» **WHAT IS NEEDED**:
Lines from the one with "Buy PICAXE USB" to the end of the material, both included: print them exactly and print nothing else. Omit the pictures.

» **DATA EXTRACT**:
+++

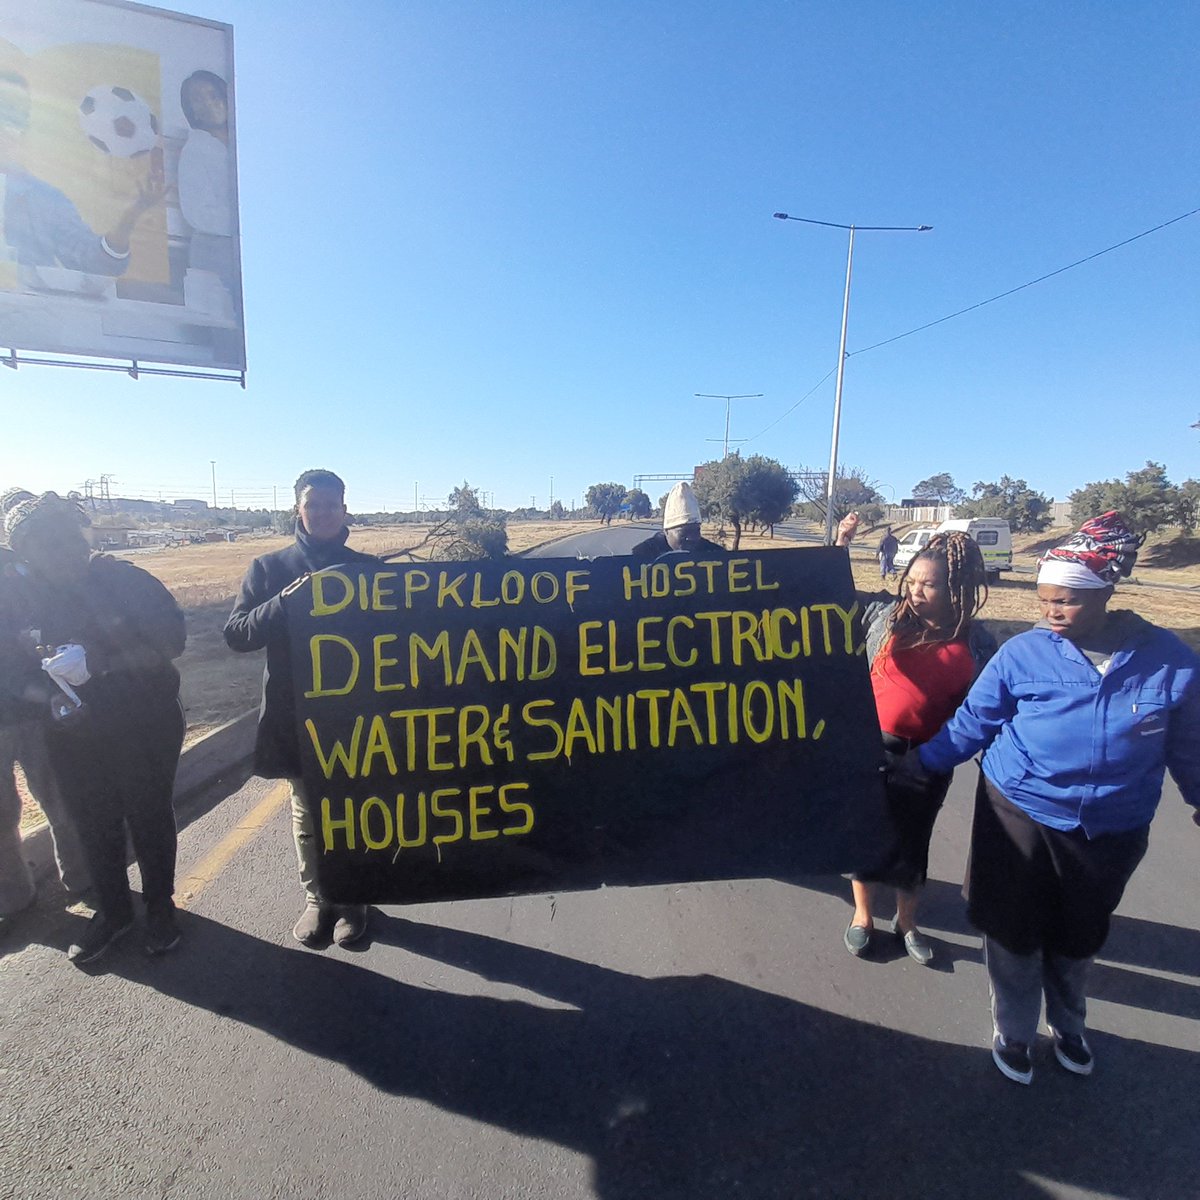 #DiepkloofProtest Some of the residents of Diepkloof Hostel in Soweto carrying a banner demanding electricity among other things. Traffic in the area including along the N1 and N12 has been affected @TeamNews24
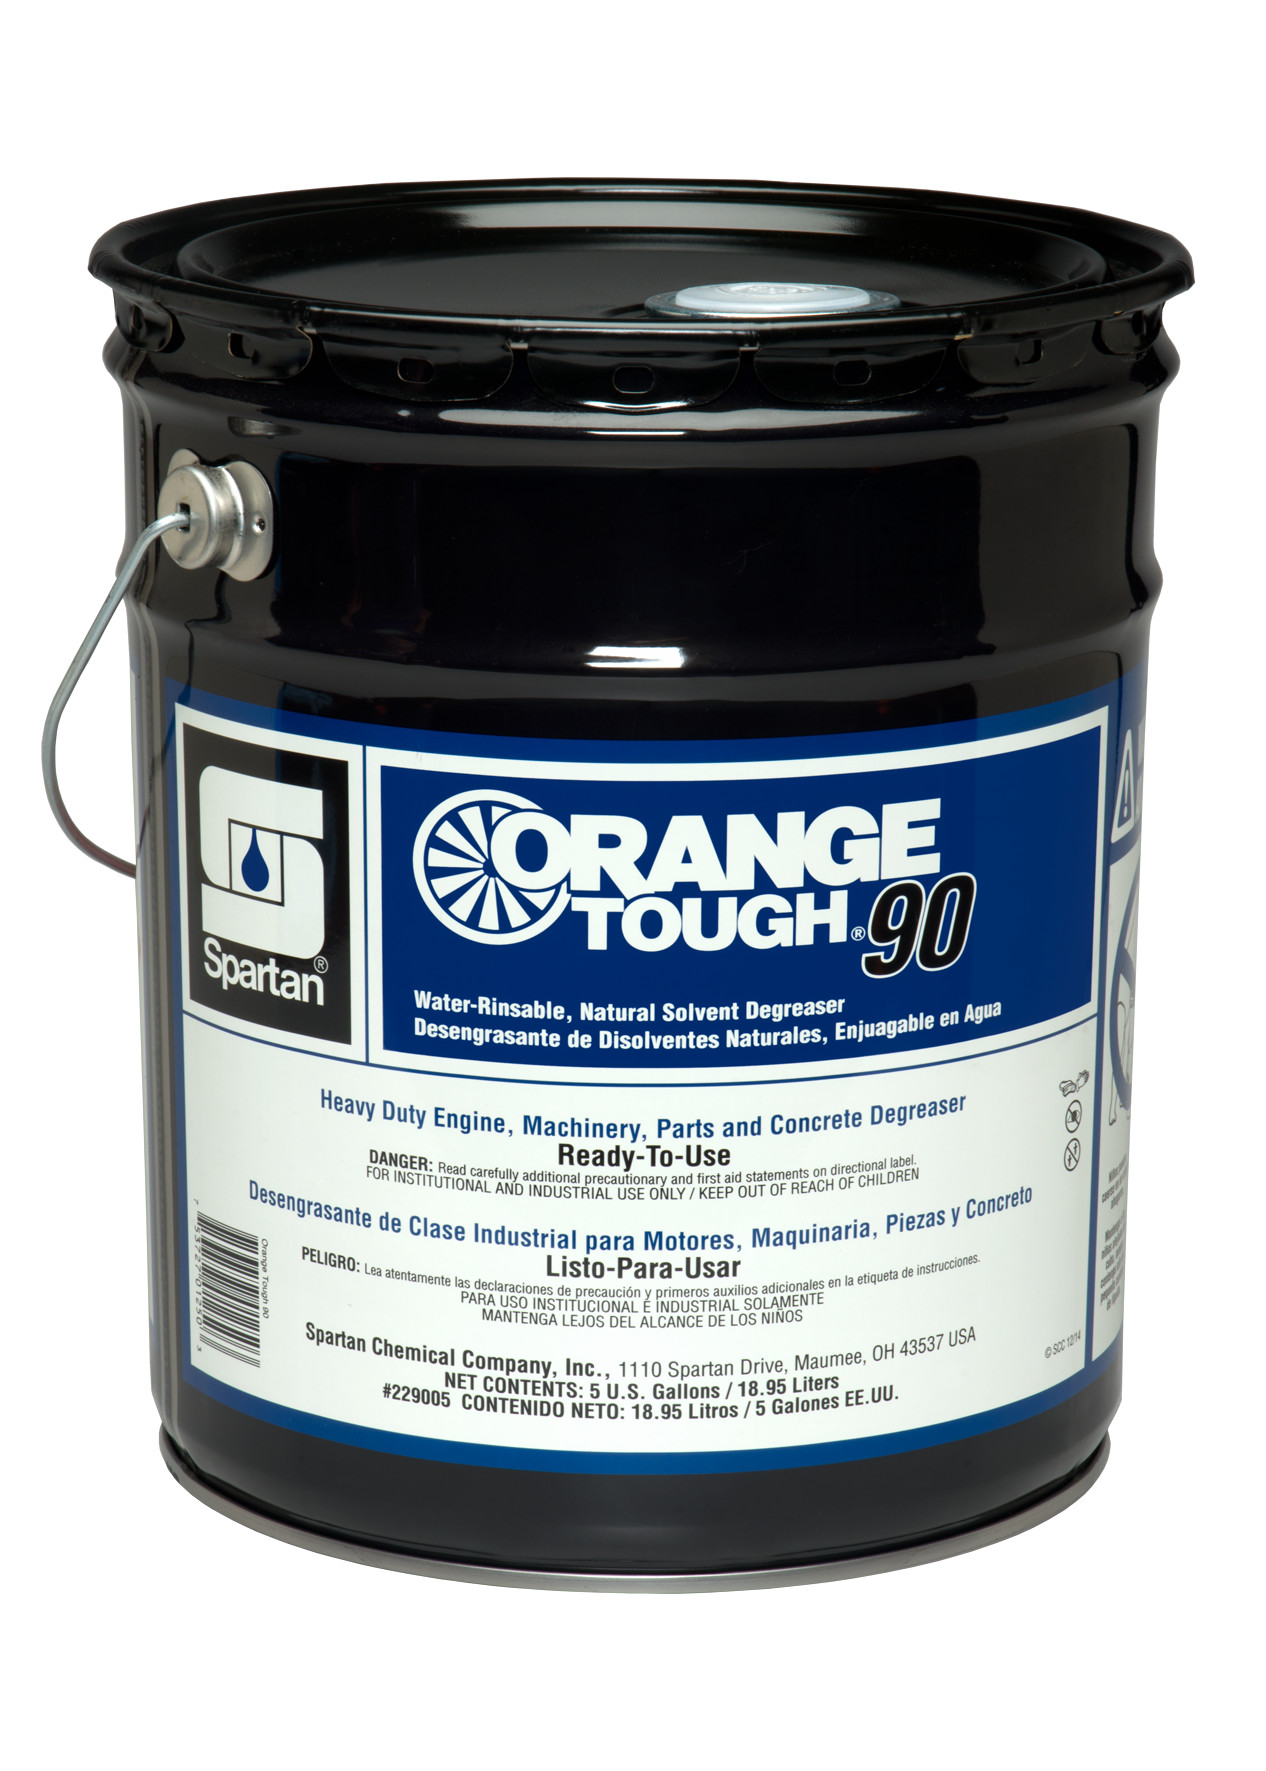 Spartan Chemical Company Orange Tough 90, 5 GAL STEEL LINED
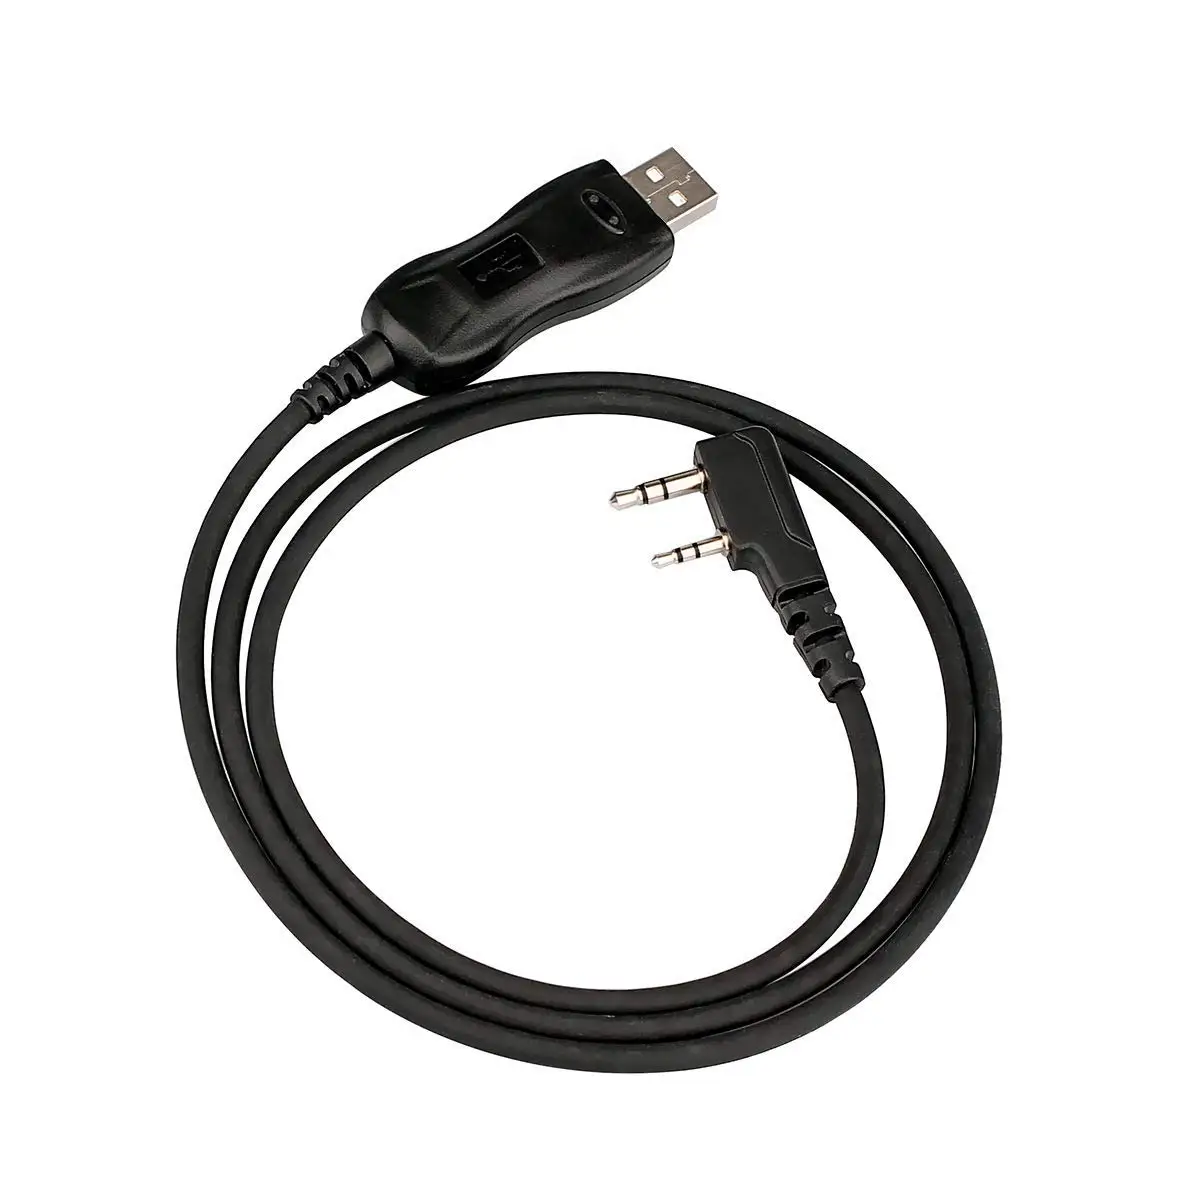 Buy PICAXE USB Programming Cable in Cheap Price on
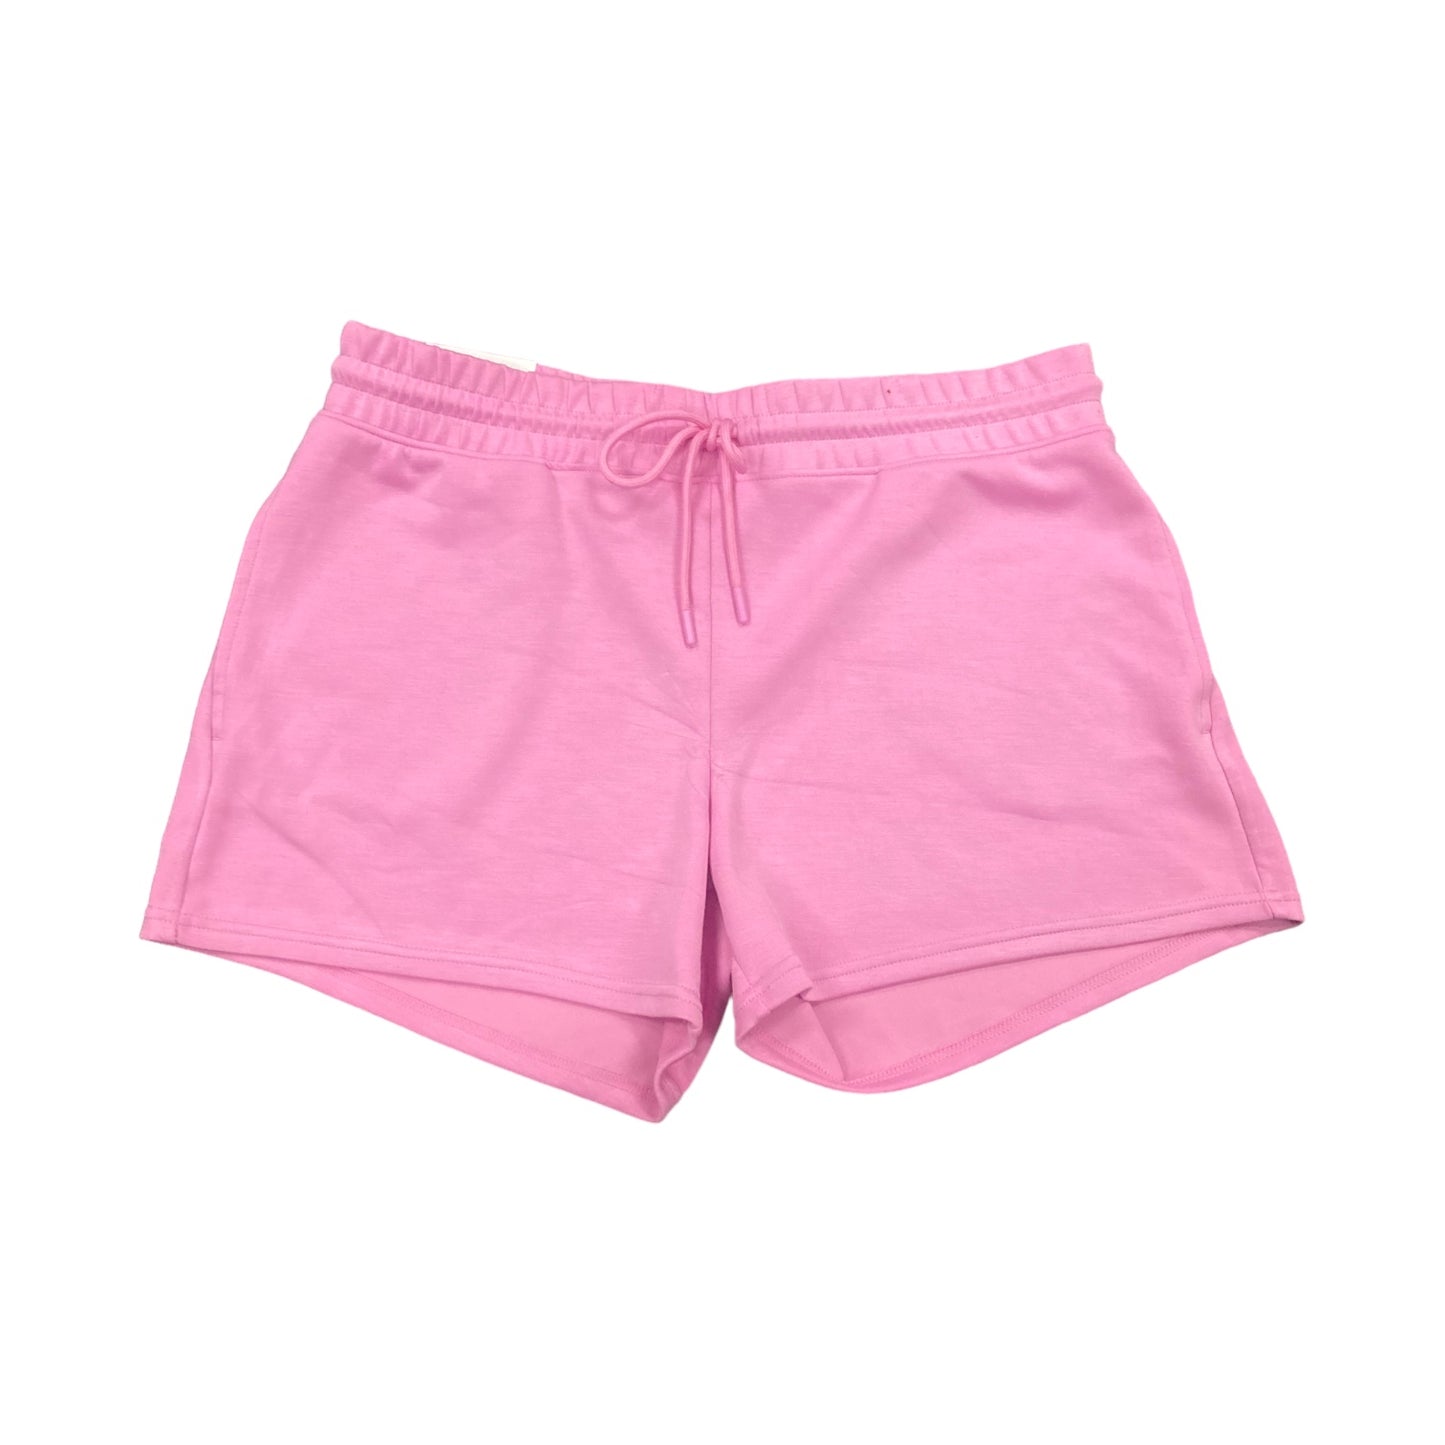 Member's Mark Ladies Soft Stretch Cotton Casual Lounge Short

+++

» **ANSWER TO THIS PROBLEM**:
 Buy PICAXE USB Programming Cable in Cheap Price on
 Member's Mark Ladies Soft Stretch Cotton Casual Lounge Short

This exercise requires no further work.